Sábado, 15 de Agosto de 2026
Por Redação Rádio Pampa | 14 de agosto de 2026
Um inquérito aberto pelo Supremo Tribunal Federal (STF) apura se o senador Weverton Rocha (PDT- MA) atuou para tentar atrapalhar as investigações de um assassinato ocorrido em 2022 no Maranhão. A suspeita é que ele tenha tentado influenciar um ministro do Superior Tribunal de Justiça (STJ).
A Polícia Federal (PF) localizou no celular do senador contatos com o ministro Humberto Martins, do STJ, que era relator do homicídio porque havia indícios de envolvimento no caso de um integrante do Tribunal de Contas do Estado do Maranhão (TCE-MA), que tem foro especial perante o STJ (entenda o caso mais abaixo).
O ministro Humberto Martins disse que, em razão do processo tramitar sob segredo de justiça, não vai comentar.
O senador Weverton Rocha afirmou que o caso é “forçação de barra”. “Eu repudio total e vou ficar com o foco na minha campanha”, afirmou o senador.
Em 2024, a Justiça maranhense condenou Gilbson Cutrim Soares Júnior pelo assassinato do empresário João Bosco Sobrinho.
As investigações iniciais, feitas pela Polícia Civil do Maranhão, concluíram que Gilbson Júnior matou o empresário após um desentendimento pessoal. Mas, posteriormente, surgiu a suspeita de que o motivo era a divisão de propinas no estado, em um esquema que envolveria o grupo do governador Carlos Brandão.
Um sobrinho do governador, Daniel Brandão, que hoje é presidente do TCE-MA, teria participado da reunião em que houve um desentendimento sobre a divisão das propinas que acabou com Gilbson Júnior baleando o empresário João Bosco.
Essa informação, segundo apurações posteriores da PF, foi omitida da investigação inicial feita pela Polícia Civil.
A PF pediu que Gilbson Júnior, que estava preso no Maranhão, fosse transferido por correr risco no estado. Em junho de 2025, o ministro Humberto Martins decidiu pela transferência para a Penitenciária Federal de Brasília.
“A análise do material extraído do aparelho celular de Weverton Rocha revelou a existência de comunicações diretas com o Ministro do STJ, Humberto Martins, mantidas de forma reiterada entre 25/01/2023 e 04/10/2025. De acordo com a análise, esses contatos ocorreram por meio de diferentes canais, sendo identificadas mensagens de texto, áudios, ligações telefônicas e compartilhamento de mídias, a partir dos terminais vinculados a ambos”, afirmou a PF.
A PF disse que um dos contatos entre Weverton e o ministro Humberto Martins ocorreu no dia 2 de junho 2025, data da transferência de Gilbson Júnior. Segundo a PF, depois da transferência de presídio, o ministro não fez mais nenhuma movimentação e o processo ficou parado.
A suspeita é que o senador Weverton tenha atuado, junto com outros investigados, para evitar que as investigações alcançassem o grupo político e familiares do atual governador do estado Carlos Brandão.
O senador é investigado no inquérito no STF. O ministro Humberto Martins não é alvo do STF. Weverton Rocha reclamou do fato da investigação ser conduzida pela Suprema Corte.

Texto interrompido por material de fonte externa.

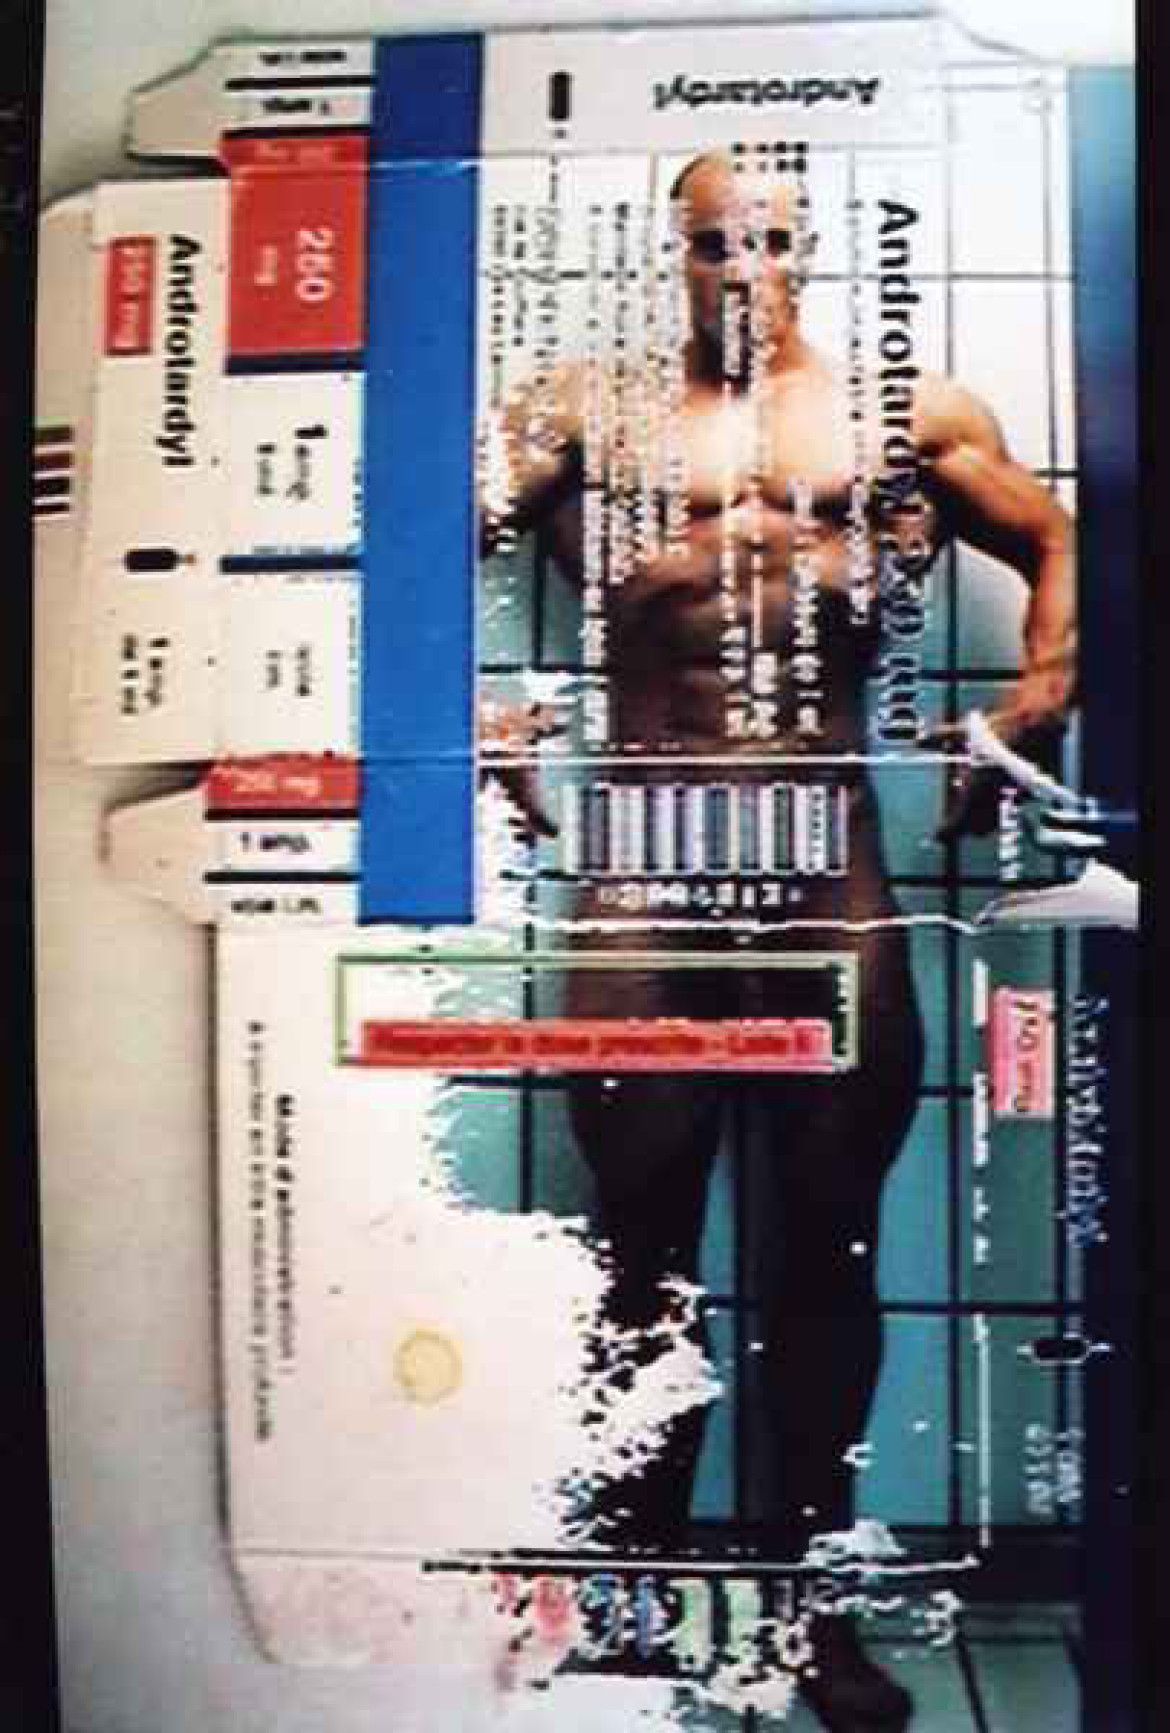 fot. Martial Cherrier, Série "Food or Drugs", 2000

“Advogados fazem uma petição em cima de algum inquérito, algum processo que já existia no Supremo, e se direciona um relator, que é o atual relator […]. Aí o relator diz: ‘Não, um senador da República está nessa denúncia, então é caso do Supremo. Puxa-se para cá’. Ou seja, tirar o governador do seu foro do STJ por conta desta denúncia criada para tirar ele do STJ. E o restante cada um tire sua conclusão”, afirmou.
Caminho das investigações
O caso do assassinato saiu da esfera estadual e foi para o STJ depois que surgiram indícios de envolvimento de Daniel Brandão, por ser membro do Tribunal de Contas.
Depois, seguiu para o STF porque a defesa do executor, Gilbson Júnior, apontou suspeitas contra o senador Weverton Rocha. Como parlamentar federal, ele tem foro no Supremo. O processo foi sorteado para o ministro Flávio Dino relatar em outubro de 2025.
No mês seguinte, o jornalista Luís Pablo, baseado no Maranhão, publicou as reportagens sobre Dino, cujas informações teriam partido do investigado Raimundo Cutrim. É nesse contexto que Dino entende ter sido ameaçado.
Weverton já havia alvo de busca e apreensão em outra investigação, a Sem Desconto, sobre as fraudes no INSS. Como seu telefone celular tinha sido apreendido, o ministro André Mendonça, relator do caso do INSS, compartilhou com Dino as mensagens apreendidas. Foram então encontrados os contatos de Weverton com o ministro do STJ Humberto Martins. Com informações do portal G1.